The next morning, I woke up early for a Saturday, aiming to get to the next park for opening, and was confronted with the all-too-common, idiotic taxi drivers. I had originally thought to get myself as close as possible to the next park on the Metro, which would still be miles away, and then take a taxi from there, figuring that closer to the area more people would know the place. I’d recommend probably trying that to anyone else to be honest.

My hotel was on a busy road, with a taxi driving past literally every 10 seconds though, so I thought I’d just cab it the whole way. I had the name printed out in Chinese, but the first four drivers just scratched their heads. Even after showing them, using a map on my phone with a massive **** ing red line showing the route to take, they seemed confused.

Admittedly, the park was a 40 minute drive south of the city centre, but it never fails to baffle me how these morons don’t know anything outside of a 10-mile radius. I even made sure to get the taxis with local, “knowledgable” drivers (based on the colour of the taxis), but still got nowhere.

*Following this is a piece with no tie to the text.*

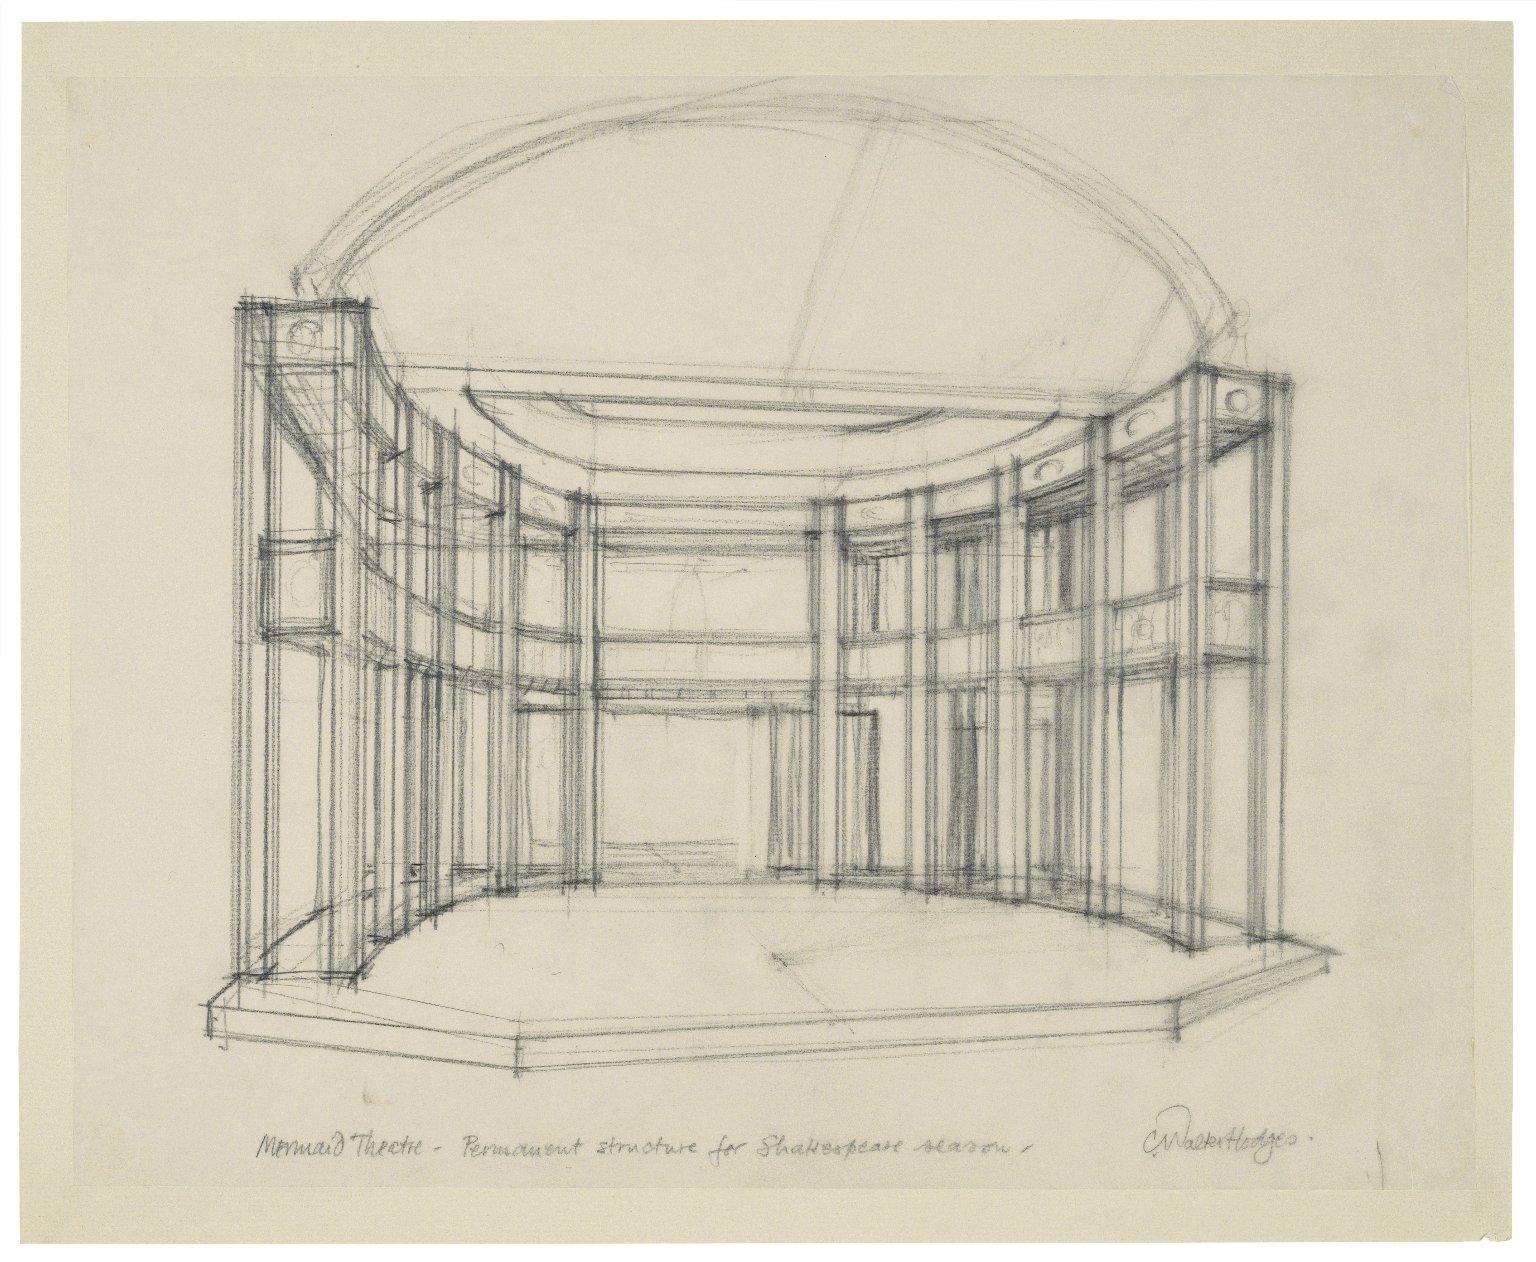 Permanent set structure design for Mermaid theatre

The thing that pissed me off the most was that I had the information for Chuanlord on the top half of the paper - with the Chinese name circled in thick, black pen - with the paper folded so as not to show the information for Chimelong on the bottom of the page, where I wanted to go later. Every driver ignored where my finger was pointing - and the massive **** ing black circle around the Chinese characters and next to a map - to unfold the paper and say "Ah, Chimelong! Yes, yes!."

NO, you braindead twat!

The fifth driver was equally nonplussed, but phoned someone who gave him some basic directions. He then kept in touch with whoever it was to check on our progress. Unfortunately, he thought he was doing me a favour by avoiding the main highway and saving me on the tolls, so it ended up taking over an hour to get there.

Anyway:

Chuanlord Holiday Manor

You know you’re at the right place when you hit this roundabout.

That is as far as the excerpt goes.